HudBay CEO disputes Augusta’s claims of rival bidders – by Rachelle Younglai (Globe and Mail – April 15, 2014)

The Globe and Mail is Canada’s national newspaper with the second largest broadsheet circulation in the country. It has enormous influence on Canada’s political and business elite.

HudBay Minerals Inc. is asking Canadian regulators to get rid of Augusta Resource Corp.’s defense plan so that it can acquire Augusta’s copper project in Arizona.

HudBay already owns a 16 per cent stake in Augusta. But the Toronto-based company is blocked from acquiring more shares because Augusta adopted a shareholder rights plan, also known as a poison pill, when it found out HudBay had accumulated such a large position.

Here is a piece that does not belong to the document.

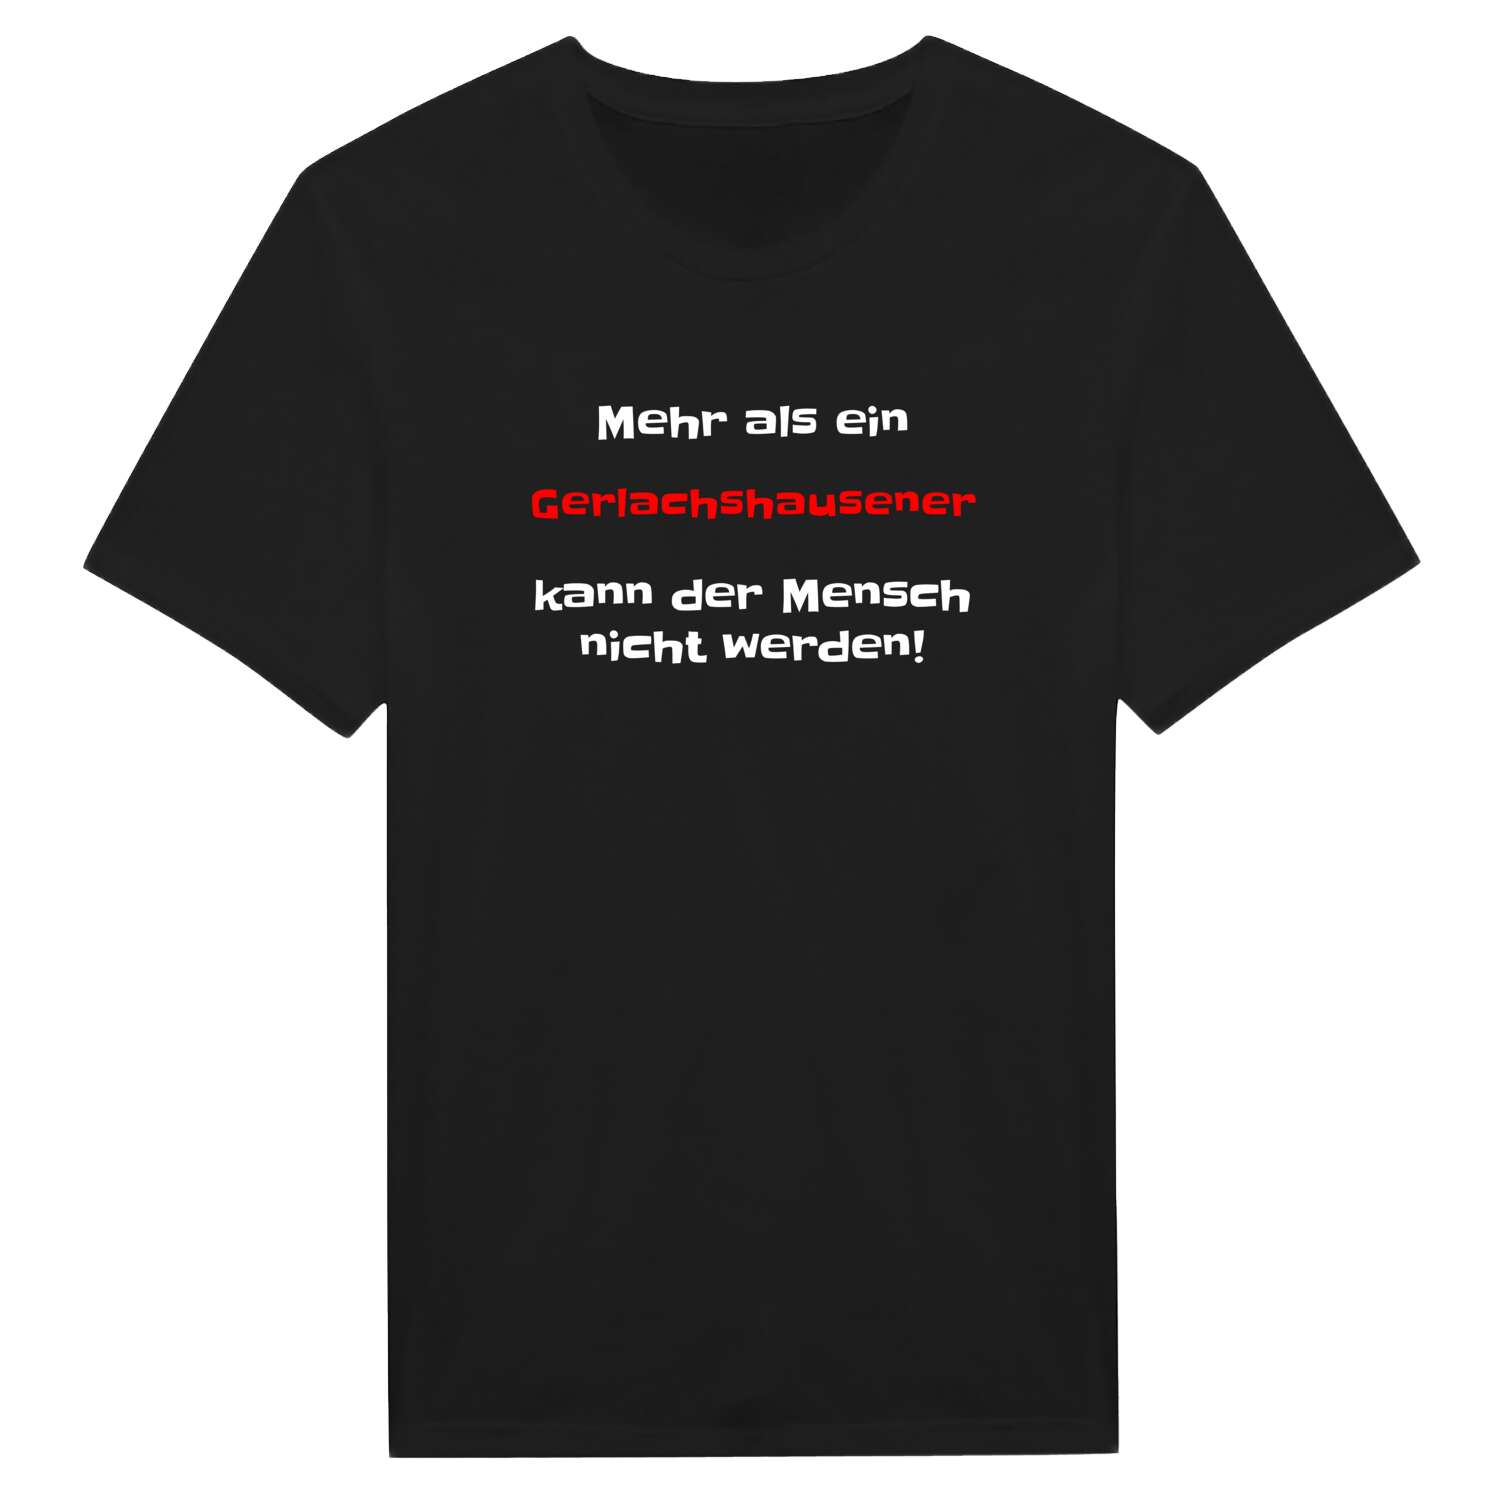 Gerlachshausen T-Shirt »Mehr als ein«

The plan allows non-HudBay shareholders to buy additional shares at a discount, which would make it prohibitively expensive for the Toronto miner to acquire the rest of Augusta. On Monday, HudBay asked the British Columbia Securities Commission to make a decision before its hostile offer expires May 5.

Vancouver-based Augusta is scheduled to hold a meeting May 2 where shareholders will get to vote on whether they want to keep their poison pill in place. HudBay’s chief executive David Garofalo said if regulators strike down the poison pill, that would make the shareholder vote moot.

Augusta’s Rosemont copper asset holds nearly six billion pounds of copper reserves and will be the third-largest copper mine in the United States once in production. It would push HudBay closer to the big leagues if the company succeeds in buying Augusta.